A 45 g sample of a ketose with a general formula CnH2nOn gives 18.45 liter of CO2 at 27C and 2 atm and 27 g of water when burned. If 1.204 x 10 23 molecules of this ketose weigh 30 g, what are its molecular and structural formulas ?
Use PV = nRT to calculate moles from the CO2 data, then conert moles CO2 to moles C, then to g carbon and finally to percent C in the 45 g sample.
The 27 g H2O can be converted to g H an to percent H in the 45 g sample. Oxygen is tbe difference between 100 - (C + H).
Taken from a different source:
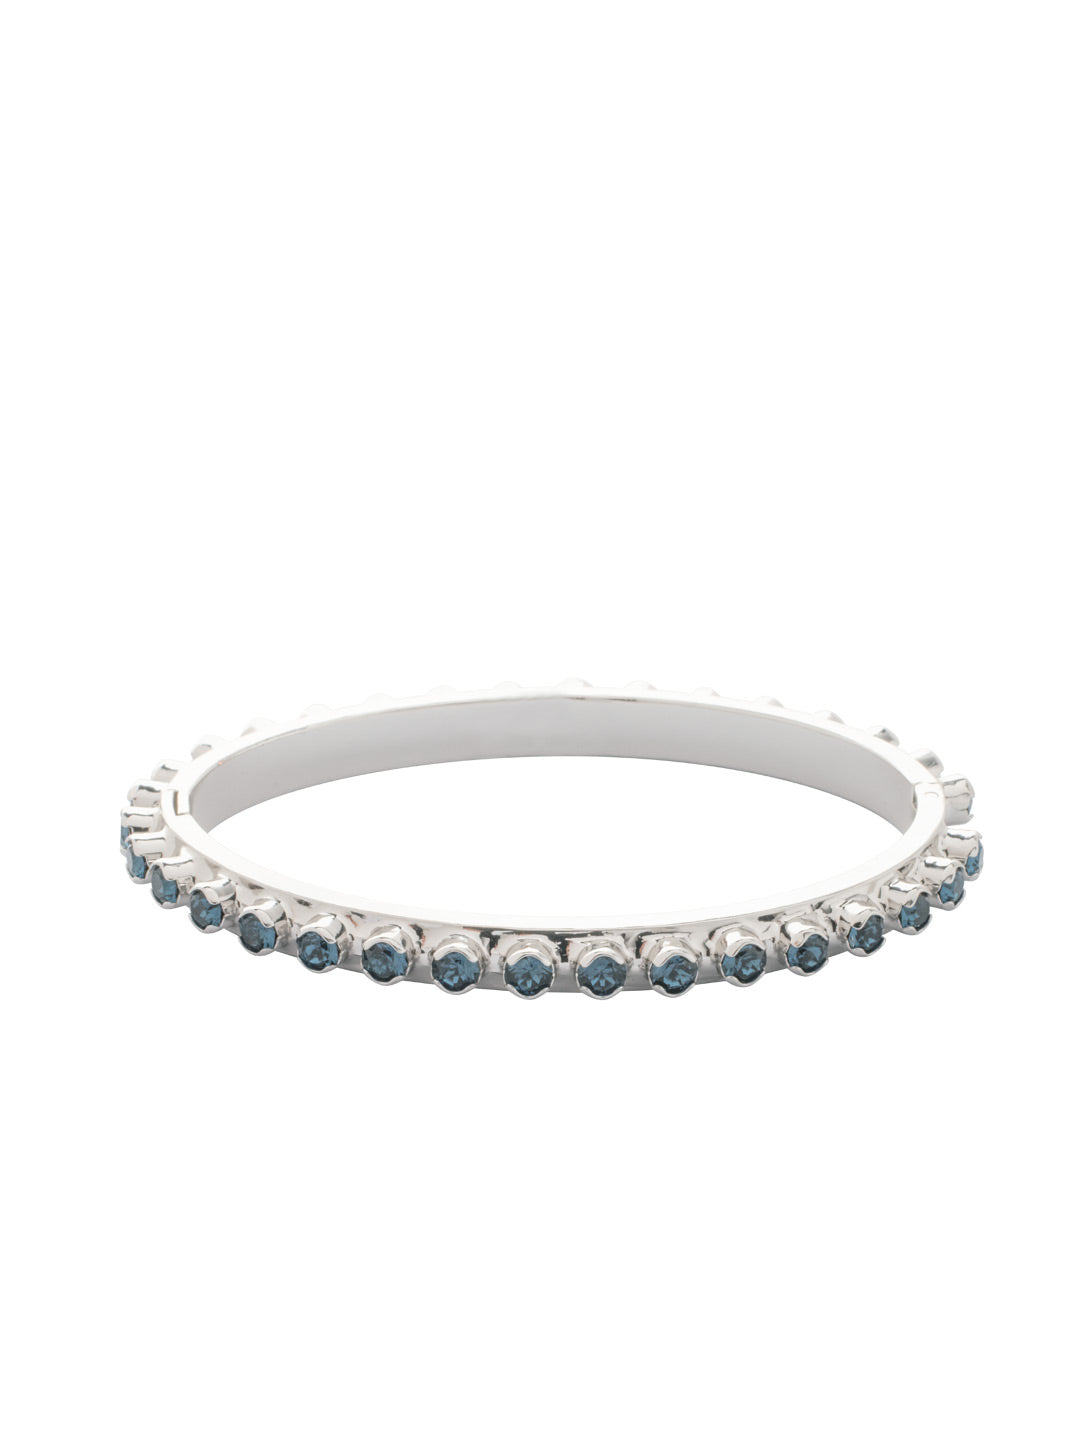 Mini Crystal Hinge Bangle Bracelet - BFL8PDASP - <p>The Mini Crystal Hinge Bangle Bracelet features a full crystal embellished cuff, secured with a hinge and snaps closed for a secure fit. From Sorrelli's Aspen SKY collection in our Palladium finish.</p>

Take a 100 g sample to obtain, if my figures are ok,
40 g C.
6.66 g H.
53.34 g O.
Convert each of the grams to moles.
Find the ratio of the moles to each other. The easiest way to do that is to divide the smaller value by itself which gives 1.000 for that number; then divide the other numbers by the same small number. Round all to a whole number. This will give you the empirical formula. CxHyOz.
The other data determines the molar mass. You know the mass of 1.204 x 10^23 molecules. The molar mass will contain 6.02 x 10^23 molecules.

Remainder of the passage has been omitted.